Personal information
- Born: July 18, 1997 (age 29) Newark, New Jersey, U.S.
- Listed height: 6 ft 9 in (2.06 m)
- Listed weight: 255 lb (116 kg)

Career information
- High school: Northside (Pinetown, North Carolina); High Point Christian Academy (High Point, North Carolina);
- College: Kentucky (2016–2017)
- NBA draft: 2017: 1st round, 14th overall pick
- Drafted by: Miami Heat
- Playing career: 2017–present

Career history
- 2017–present: Miami Heat

Career highlights
- 3× NBA All-Star (2020, 2023, 2024); NBA All-Defensive First Team (2024); 5× NBA All-Defensive Second Team (2020–2023, 2026); Second-team All-SEC (2017); SEC All-Freshman team (2017); McDonald's All-American (2016); North Carolina Mr. Basketball (2016);
- Stats at NBA.com
- Stats at Basketball Reference

= Bam Adebayo =

American basketball player (born 1997)

Edrice Femi "Bam" Adebayo ( /ˌɑːdəˈbaɪoʊ/ ; born July 18, 1997) is an American professional basketball player for the Miami Heat of the National Basketball Association (NBA). He played college basketball for the Kentucky Wildcats before being selected by the Heat with the 14th overall pick in the 2017 NBA draft. He is a three-time NBA All-Star, a six-time NBA All-Defensive Team honoree, and he helped the Heat reach the NBA Finals in 2020 and 2023. He also won a gold medal with the 2020 and 2024 U.S. Olympic teams. He has achieved the second-highest scoring game by a player in NBA history with 83 points, achieved in a 150–129 win on March 10, 2026, against the Washington Wizards.

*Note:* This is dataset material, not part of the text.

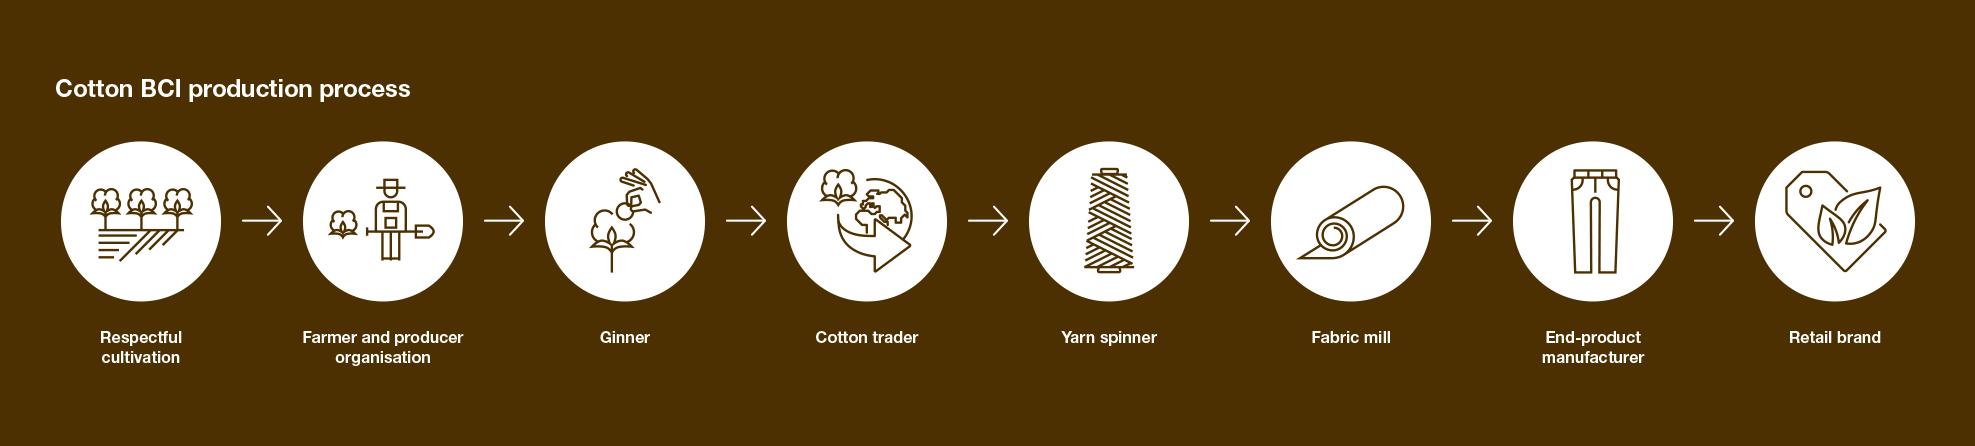 seaqual yarn production process

==Early life, family and education==
Adebayo was born on July 18, 1997, in Newark, New Jersey, to a Nigerian Yoruba father, John Adebayo, and an African American mother, Marilyn Blount. As a child, he was given the nickname "Bam Bam" by his mother when, while watching The Flintstones at age one, he flipped over a coffee table in a manner similar to the show's character Bamm-Bamm Rubble. Adebayo moved with his mother to North Carolina when he was seven. He had little further interaction with his father, who died in 2020 in Nigeria. Adebayo grew up resenting his last name and Nigerian heritage due to the distance from his father. He started to learn more about his Nigerian background at the age of 16 and has since embraced his heritage.

Adebayo attended Northside High School in Pinetown, North Carolina, where, as a junior, he averaged 32.2 points and 21 rebounds a game. During the summer, Adebayo joined his Amateur Athletic Union (AAU) team, Team Loaded North Carolina, alongside fellow five-star 2016 recruit Dennis Smith Jr. He averaged 15.0 points and 10 rebounds per game on Adidas Uprising Circuit. Later that summer Adebayo competed at the NBPA Top 100 Camp and was named MVP at the 2015 Under Armour Elite 24 game. After his junior season at Northside, he transferred to High Point Christian Academy in High Point, North Carolina. In his season debut, Adebayo scored 22 points and 17 rebounds in an 81–39 win over New Garden Friends School. On December 29, he posted 26 points and 14 rebounds in a 91–63 victory over De'Aaron Fox and Cypress Lakes High School. As a senior, Adebayo averaged 18.9 points per game, 13.0 rebounds per game, 1.4 blocks per game and 1.5 assists per game, and led the Cougars to a NCISAA state championship appearance. Adebayo was named 2016 North Carolina Mr. Basketball. In January 2016, he played in the 2016 McDonald's All-American Game and Jordan Brand Classic.

Adebayo was rated a five-star recruit and considered one of the best high school prospects of the 2016 class. He was ranked the No. 5 overall recruit and No. 2 power forward in the 2016 high school class.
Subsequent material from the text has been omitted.